Information supplied:
———
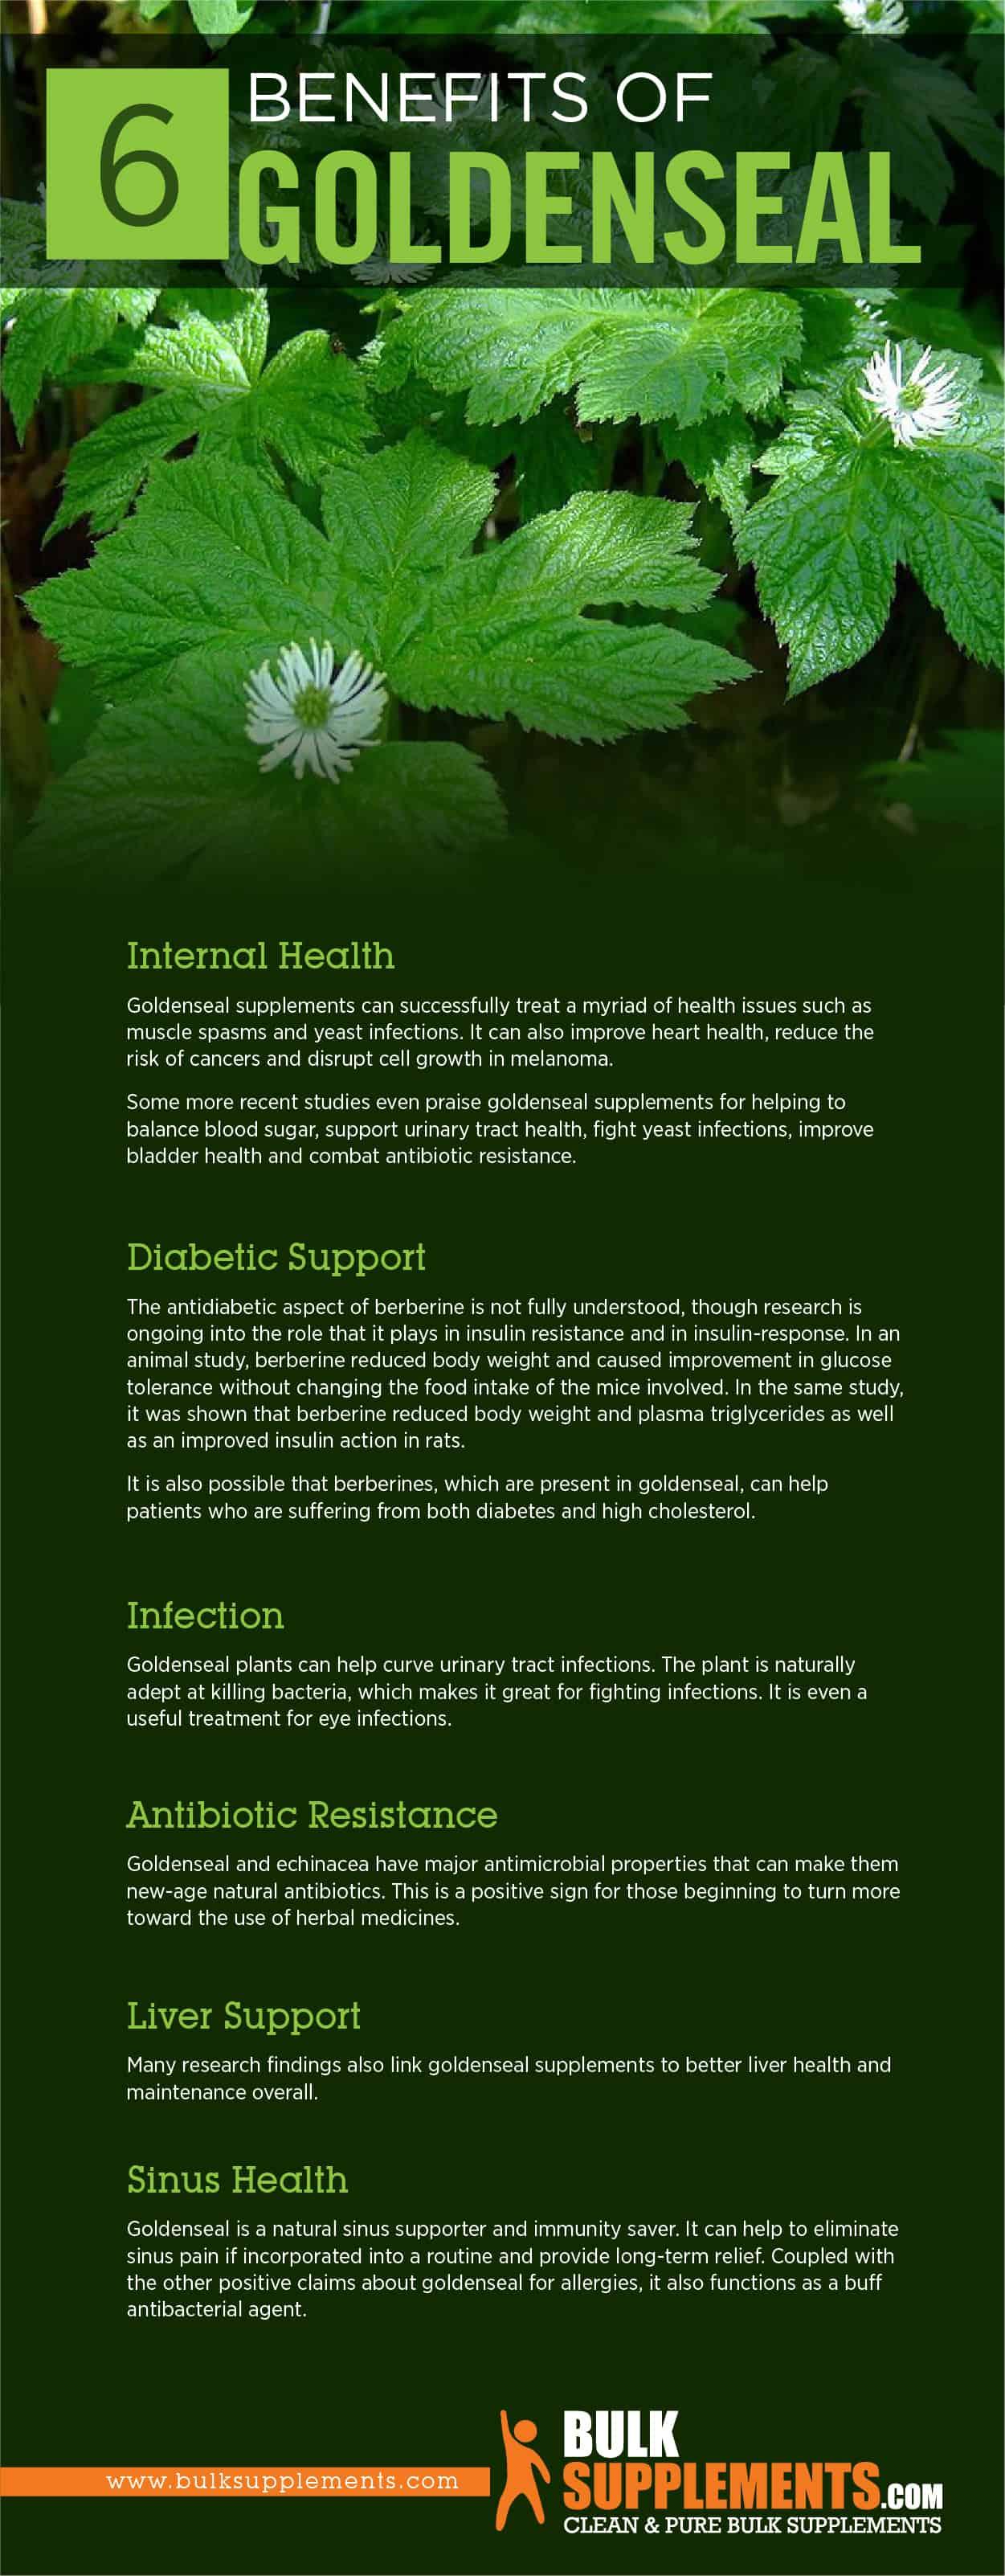 Goldenseal: Benefits, Side Effects & Dosage
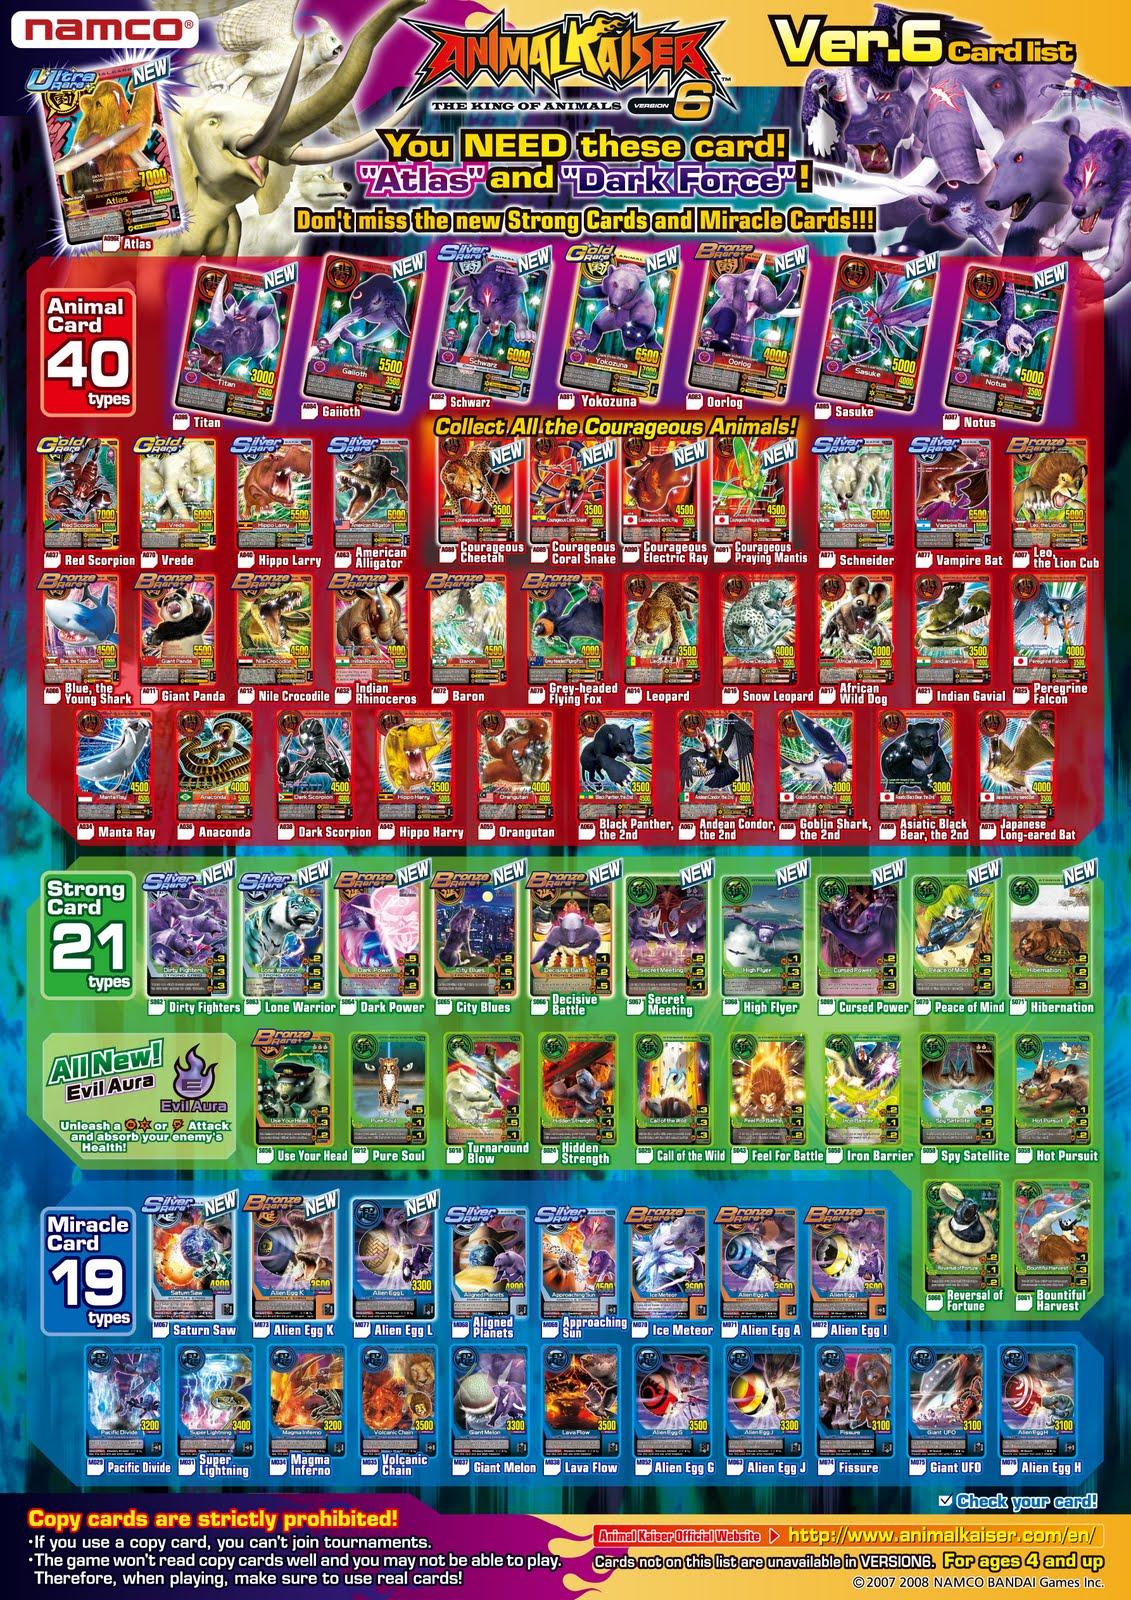 Animal Kaiser: V6 Card List
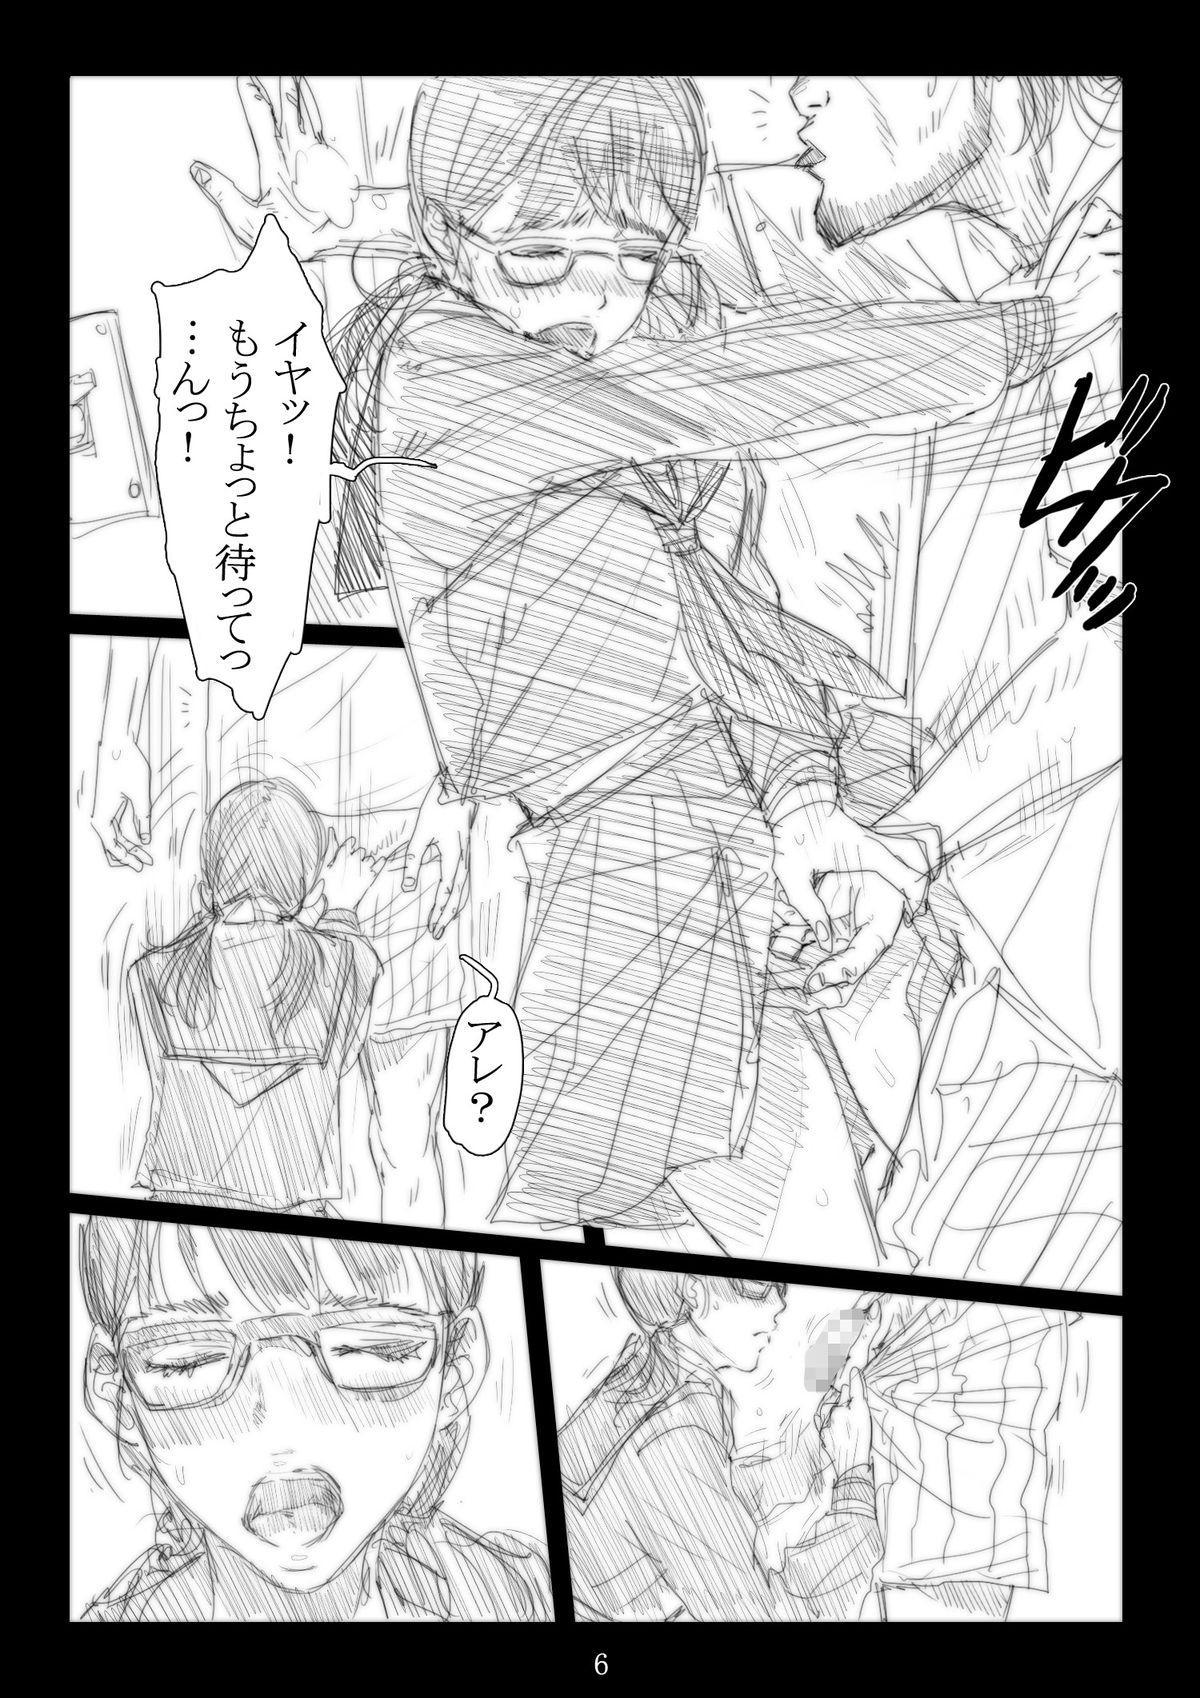 Renraku Tore nakatta 1-kkagetsukan Kanojo ni Nani ga Atta no ka... 2 6
———
Work order:
The listing is to be repeated word for word, with all pictures omitted.

Answer for the task:
 Goldenseal: Benefits, Side Effects & Dosage
 Animal Kaiser: V6 Card List
 Renraku Tore nakatta 1-kkagetsukan Kanojo ni Nani ga Atta no ka... 2 6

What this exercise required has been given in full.